NEW YORK (CBSNewYork) — A ban on organized worship in New York City school buildings will take effect next week — a controversial change that could leave as many as 17,000 worshippers looking for a new place to pray.
More than a few of those people live in the Bronx, reports CBS 2’s Lou Young.
In a city seemingly full of churches a debate is raging over places where prayer might be off-limits.
Small congregations are howling over a rule to ban organized worship in city school buildings even when there are no students in them. It’s a case, they say, of over-separation of church and state.

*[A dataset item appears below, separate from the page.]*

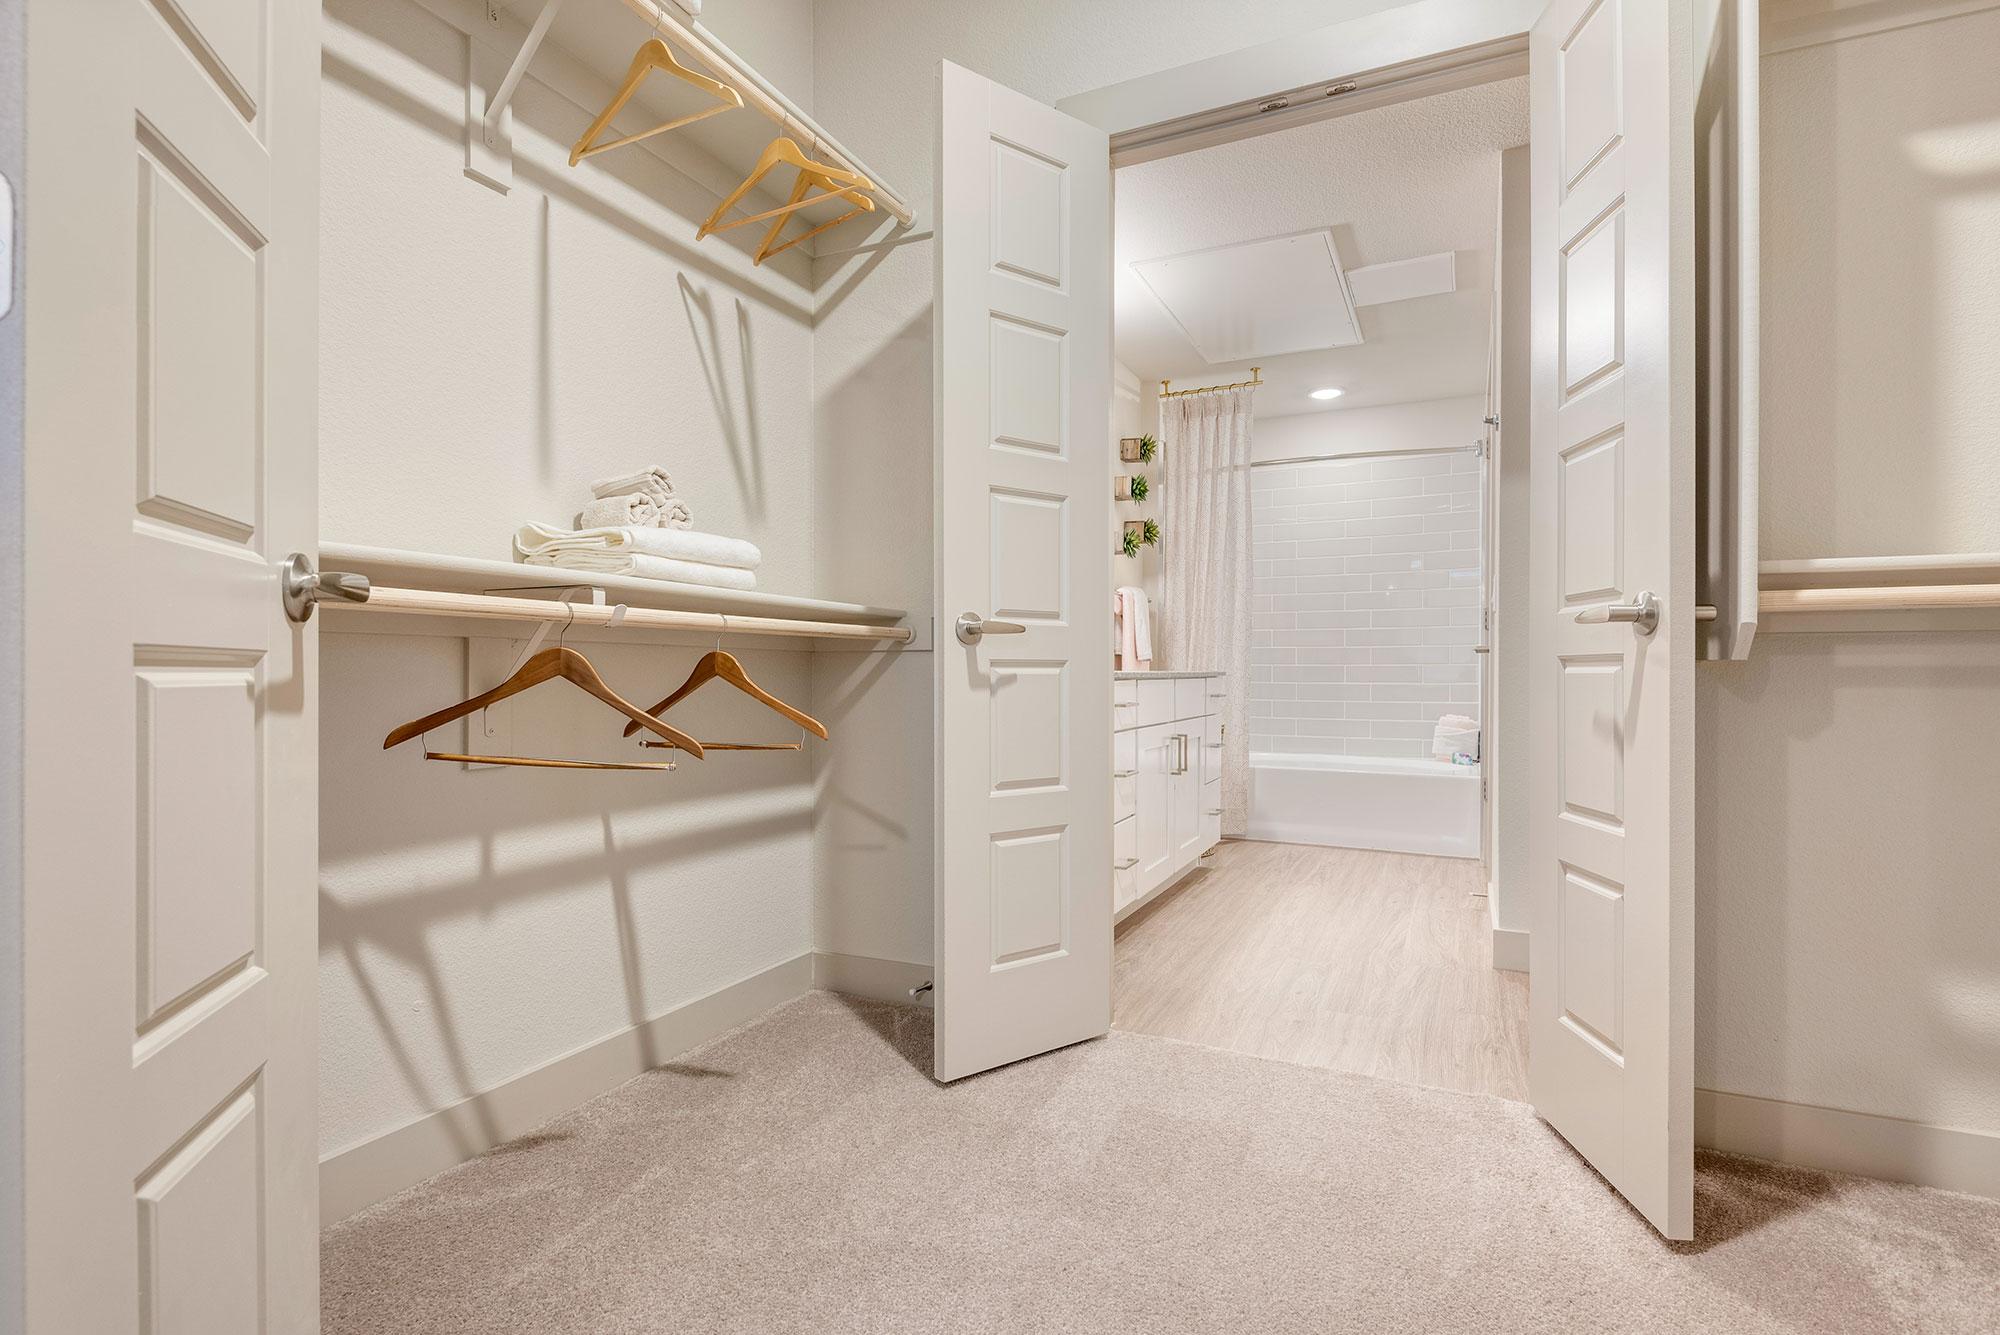 Riata - Model Unit - Closet connecting to bedroom

“We’re renting an empty building. The school has a policy that if they have an activity on Sunday we get pre-empted. We understand that,” said Rev. Robert Hall of Bronx Household of Faith.

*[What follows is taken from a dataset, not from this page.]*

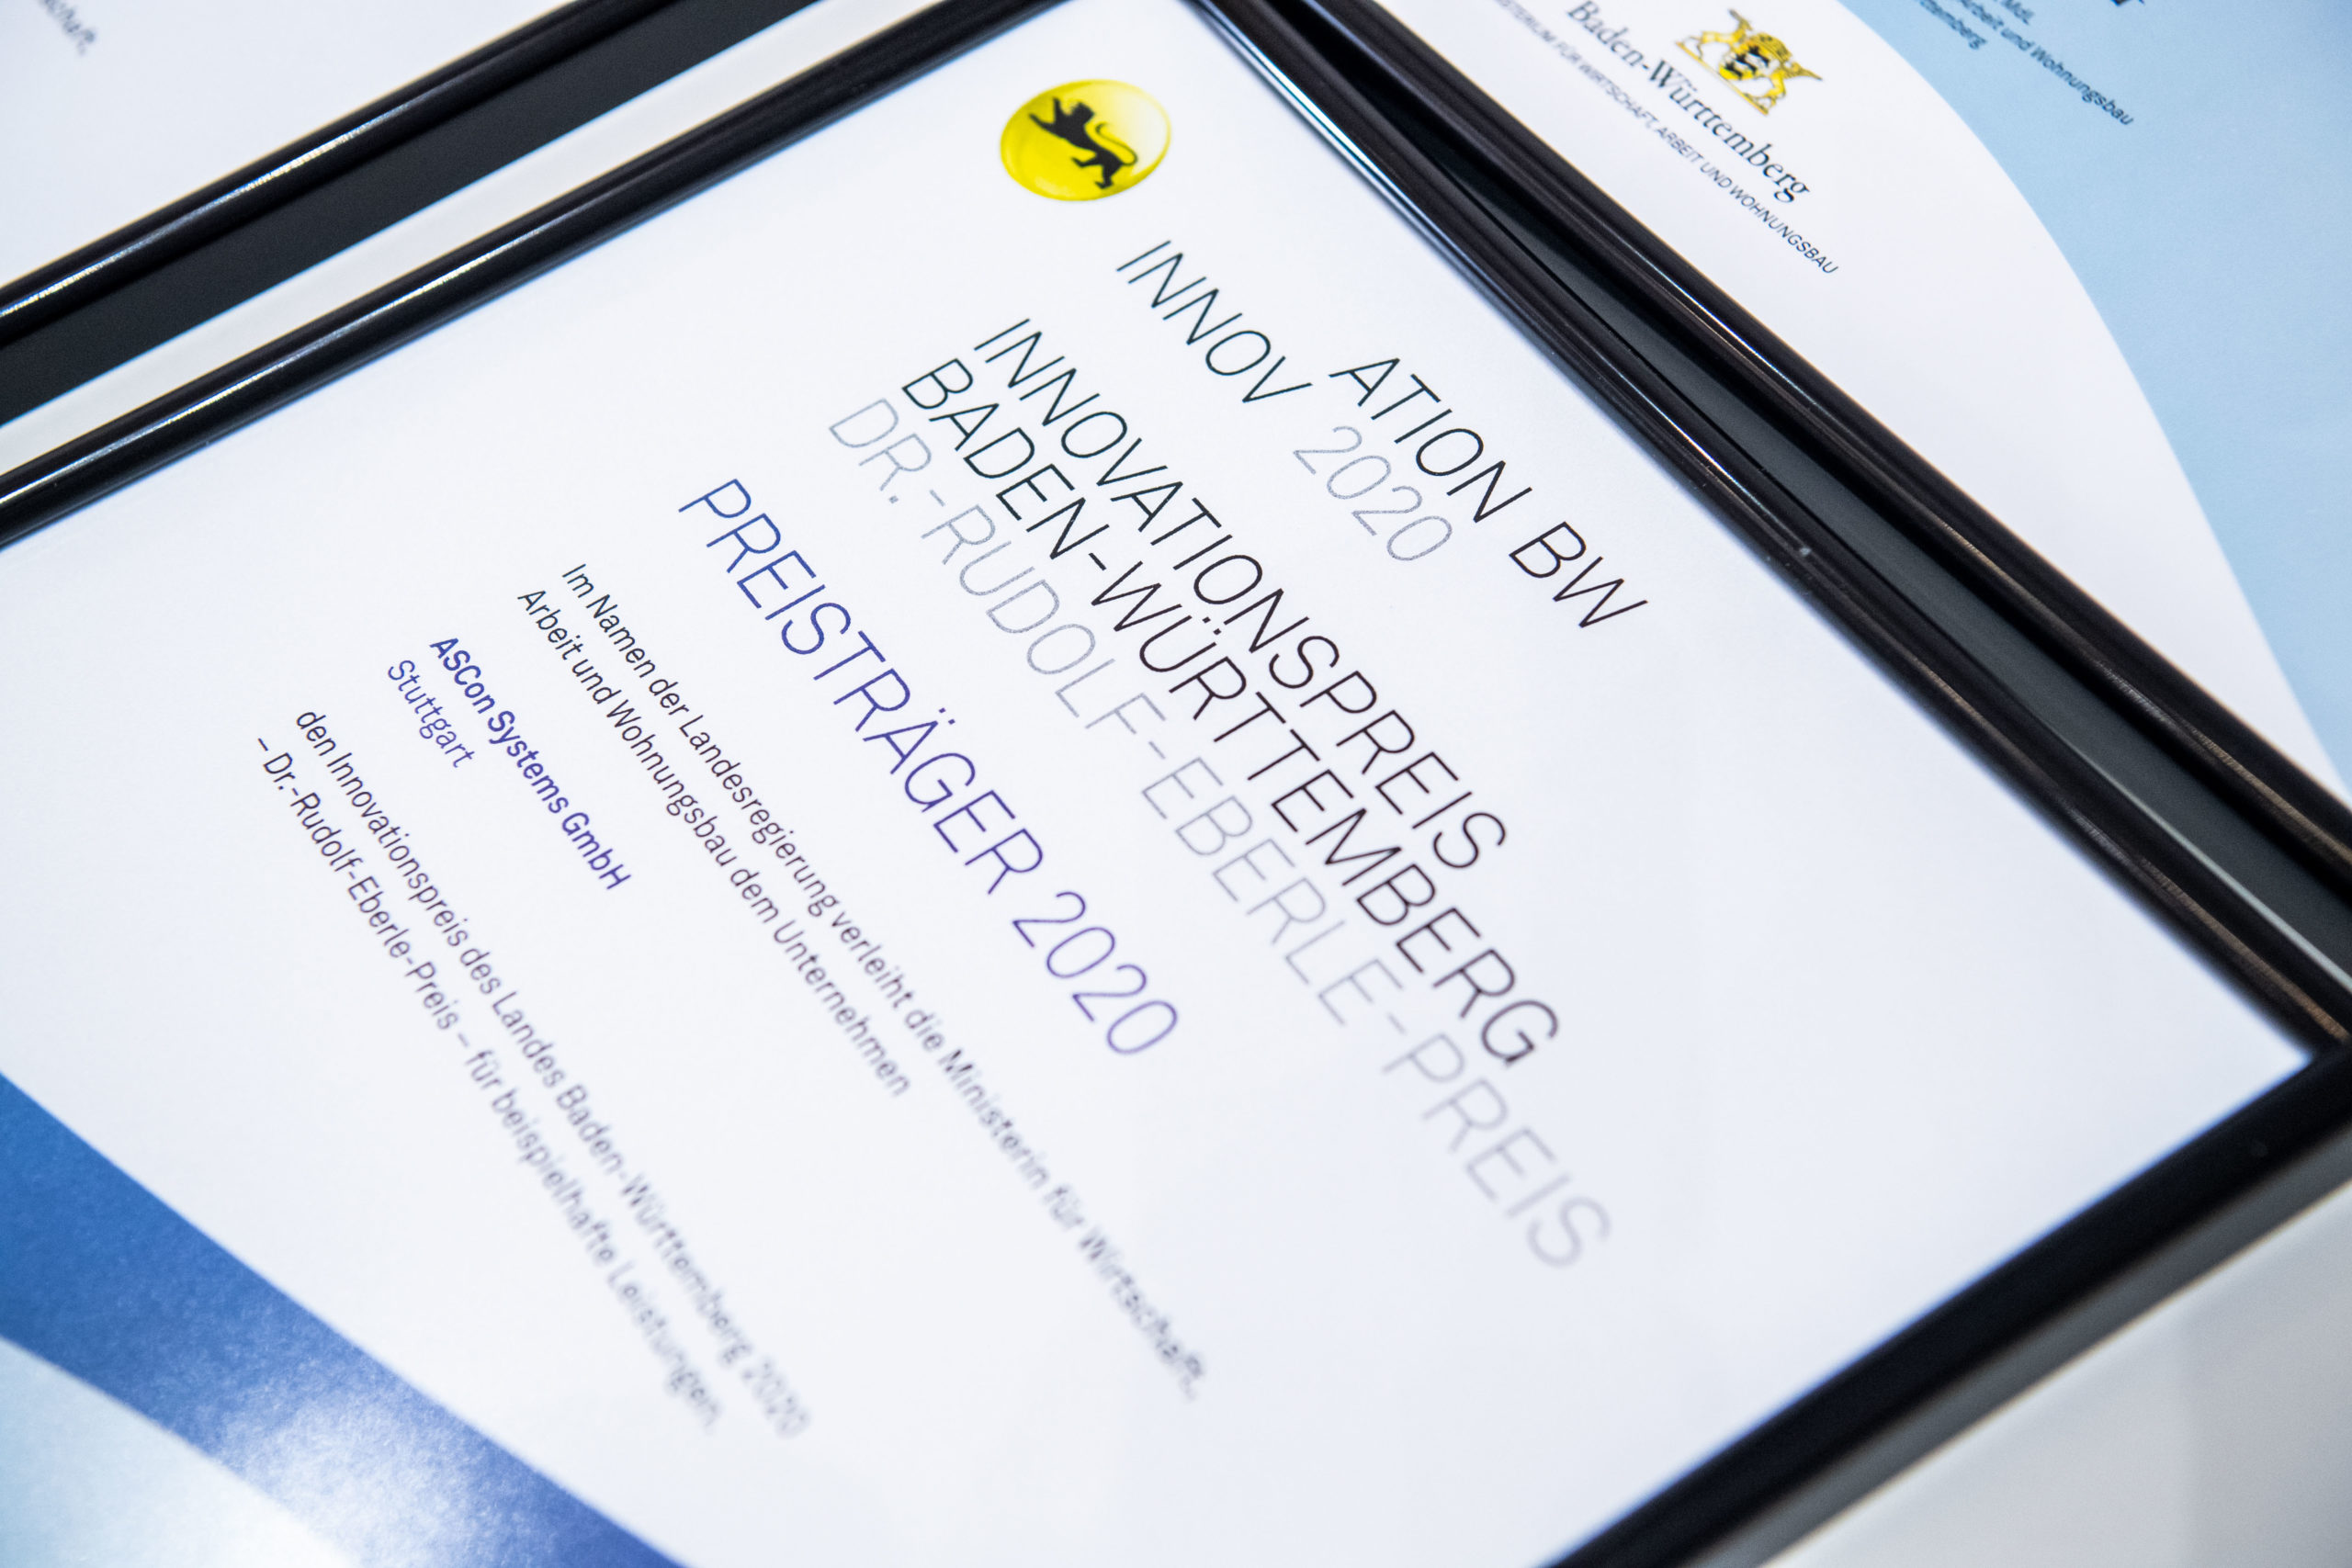 Innovationspreis des Landes BW 2020

Reverend Hall is building his own church, but has rented space across the street at P.S 15 for Sunday worship until it’s finished. New city rules say he’ll have to find someplace else after this weekend. Civil libertarians say that’s as it should be.
“The New York City Department of Education has made the right decision in prohibiting churches from conducting religious services in public schools,” said Donna Lieberman of the N.Y. Civil Liberties Union.

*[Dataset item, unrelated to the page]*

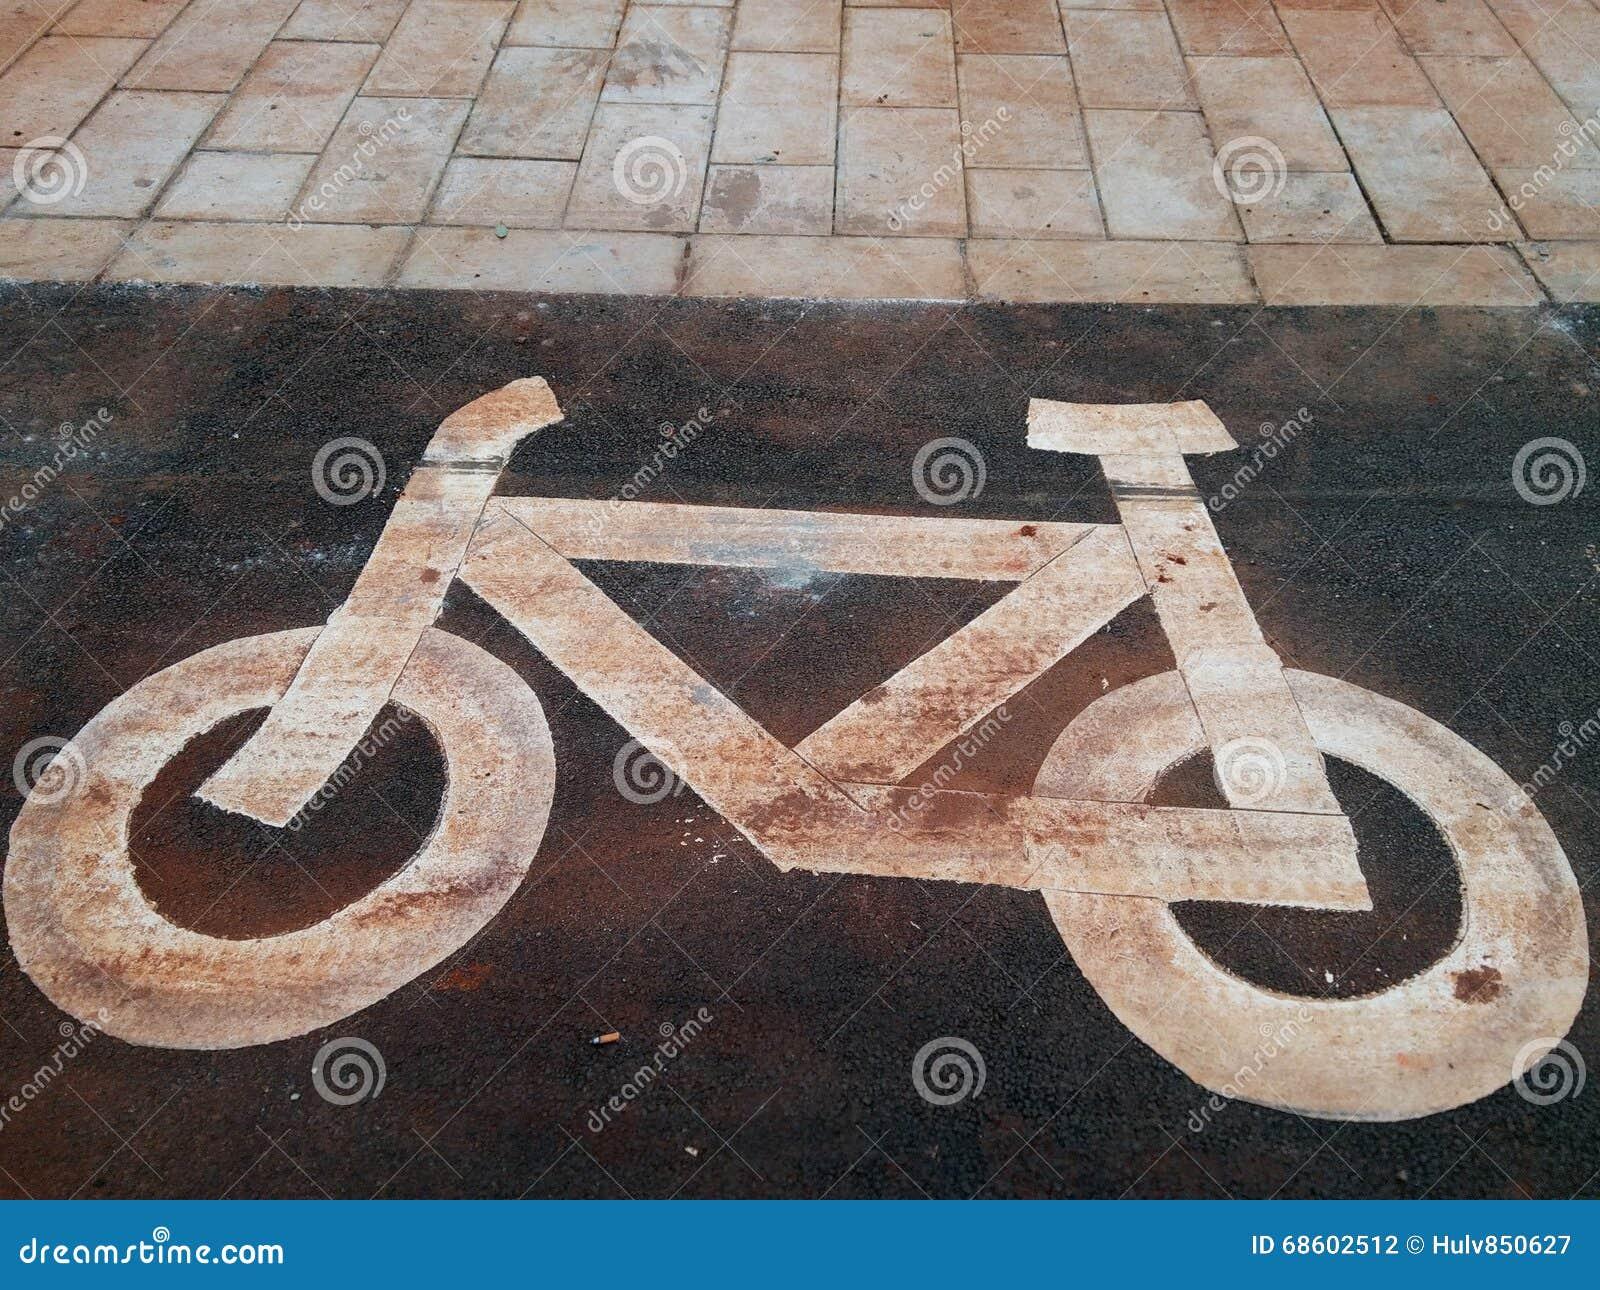 Muestras del carril de la bici

“When religious services/worship services are allowed to take place in our school buildings it gives the impression that the school endorses that religion,” Lieberman said.
Reverend Dimas Salaberios holds services in a housing project gymnasium every Sunday: a public building seemingly unaffected by the activity.
“For somebody to think that because you meet for an hour and half and say words about Jesus that your whole building becomes this consecrated place is the strangest thing,” Rev. Salaberios said.
This very American debate about separation of church and state seems especially ironic to Pastor Hall, whose congregation here is Protestant Congregationalist, which is essentially New England Puritan and he points out you really can’t get more American than that.
A bill has been introduced in Albany that would reverse the DOE’s decision, but it’s currently bottled up in committee.